Existing engines reward the keyword you already know. They punish the question you can't yet phrase. For interdisciplinary work - the kind that produces the most surprising results - that is exactly backwards.

What LitView changes

Instead of a single search string, you feed it your own content. Instead of a ranked list, you get a map.

  • Upload your work - it becomes the query
  • Match across many keywords, not one
  • Results cluster by concept in 3D
  • Discipline-agnostic by design
How it works

Three moves from blank page to map

1

Feed it your work

Drop in notes, a draft, or a whole project. Your document becomes the search, so you never have to guess the perfect query.

2

Match by meaning

LitView reads across many concepts at once, pulling articles from public and private sources by relevance - not by keyword luck.

3

See the clusters

Results arrive as a 3D map of related ideas, so the connection between two distant fields becomes something you can actually see.

The numbers in the pitch

Why the Microsoft deal made sense

Latent Knowledge and Microsoft bonded over a shared faith in design thinking - building the tool around how researchers actually think. The figures Reilly's team points to when making that case:

Source: figures cited in Latent Knowledge's 2022 Microsoft partnership announcement.

Outperform S&P
up to 228%
Higher returns
56%
Better culture
~75%

Design-focused organizations, per the cited research.

The road here

A non-linear line

Psychology and physiology. A master's in education. Triathlon start lines. Biotech consulting. Then a company. Reilly's resume reads like a man collecting vantage points - which is, more or less, the whole thesis of LitView.

2008-2018
Competes as a USA Triathlon athlete
2009-2015
Double BA at Western Colorado, then M.Ed at Boston University
2015-2019
Research scientist & committee member at West Point
2019
Founds Latent Knowledge, becomes CEO
2022
Unveils LitView; signs Microsoft co-selling partnership
2023
Entrepreneurial Lead at I-Corps; raises seed funding
Anatomy of a founder

What he carries from one field to the next

The endurance brain

A decade of triathlon teaches one thing above all: efficiency compounds. Shave a little wasted effort, repeat it a thousand times, win. He is doing the same thing to research workflows.

The soft-science eye

Trained in psychology and education before chemistry and biotech, he reads people and problems before he reads code - which is why LitView is built around how scholars think, not how machines index.

The connector's instinct

Board trustee of a soccer league, I-Corps entrepreneurial lead, consultant across biotech and GE Research. He keeps wandering into new rooms and noticing the doors between them.
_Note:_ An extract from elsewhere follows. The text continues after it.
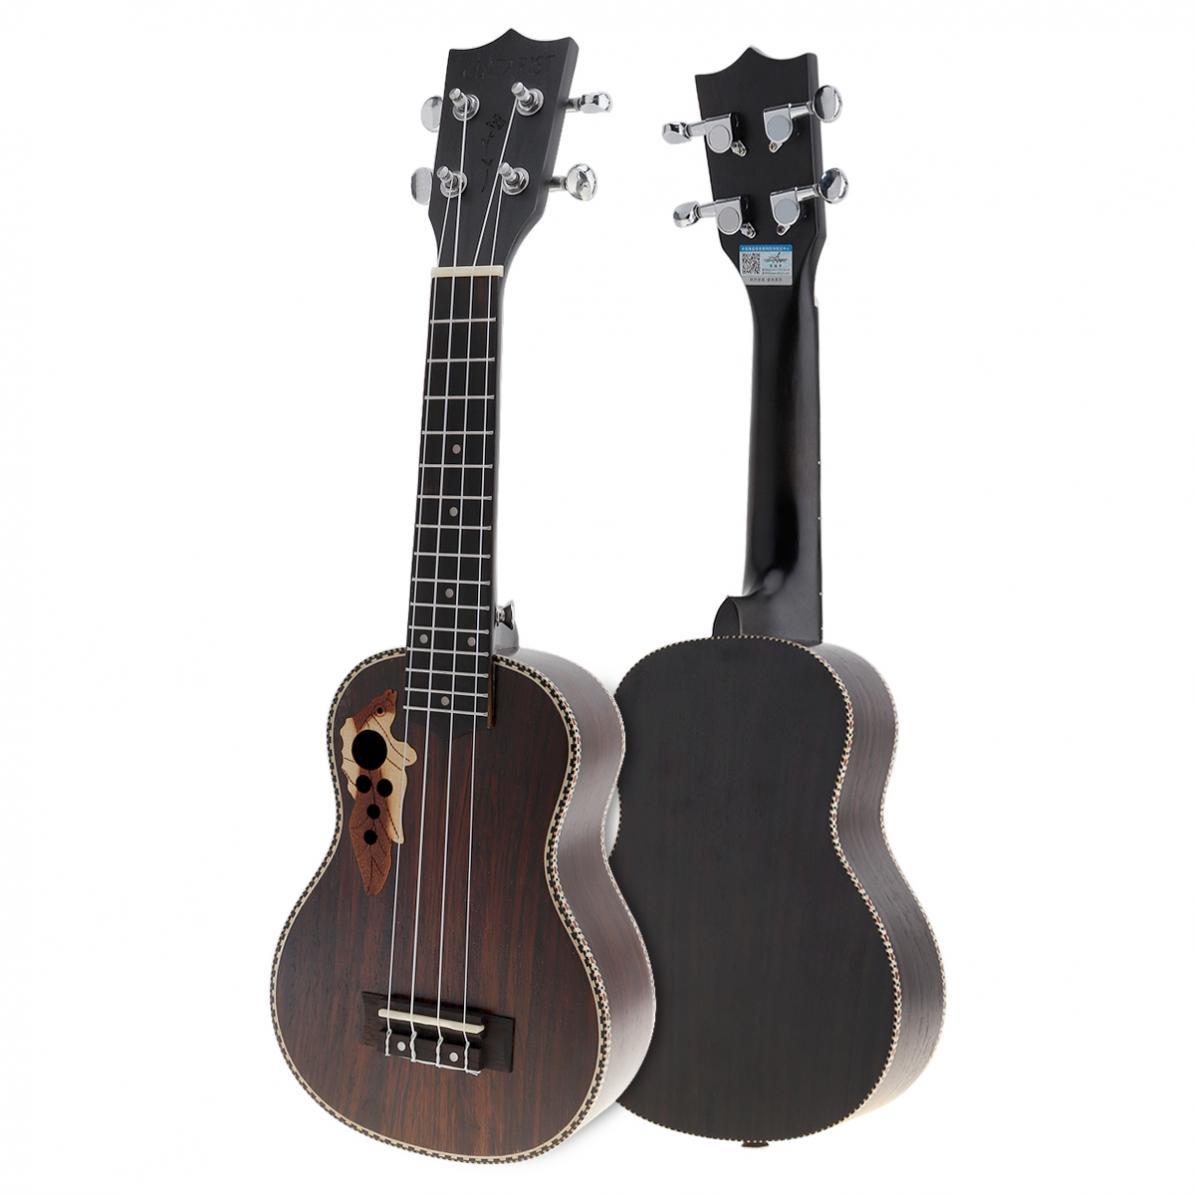 21 pouces Soprano plein bois de rose acoustique ukulélé Uke 4 cordes hawaï guitare guitare Guitarra Instrument avec chaîne italienne AQ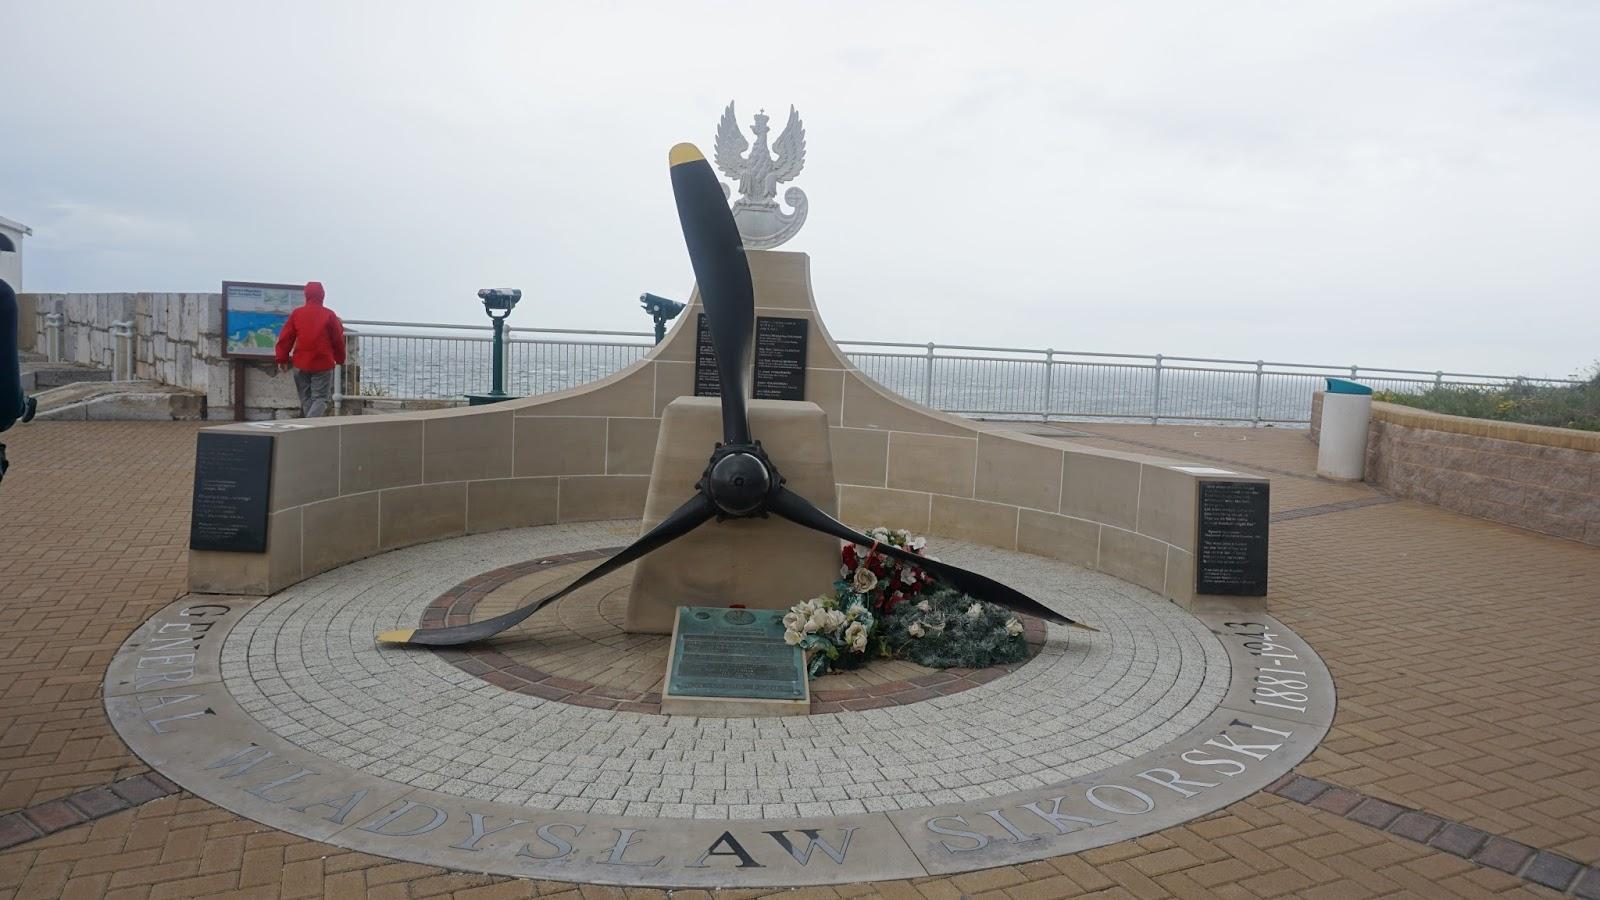 Pomnik gen. Sikorskiego na Gibraltarze, Gibraltar, Sikorski

When creating LitView, we were keen for it to be discipline-agnostic. Interdisciplinary students in particular struggle when it comes to undertaking research.
- James Reilly
Off the clock

Five things that explain him

  • He raced as a USA Triathlon athlete for a decade - the original lesson in shaving wasted effort.
  • Two bachelor's degrees: psychology and kinesiology/exercise science, plus a master's in education.
  • Before building a tech company, he worked as a sport psychology coach.
  • He sits on the board of trustees of the Cosmopolitan Soccer League.
  • LitView shows search results as 3D constellations of concepts - reading lists that look like star charts.
The aspiration

Make the connection find you

Reilly's stated goal is not a better keyword box. It is a world where the most useful paper - the one in a field you have never read - surfaces on its own, because the software understood the shape of your question better than your search terms ever could.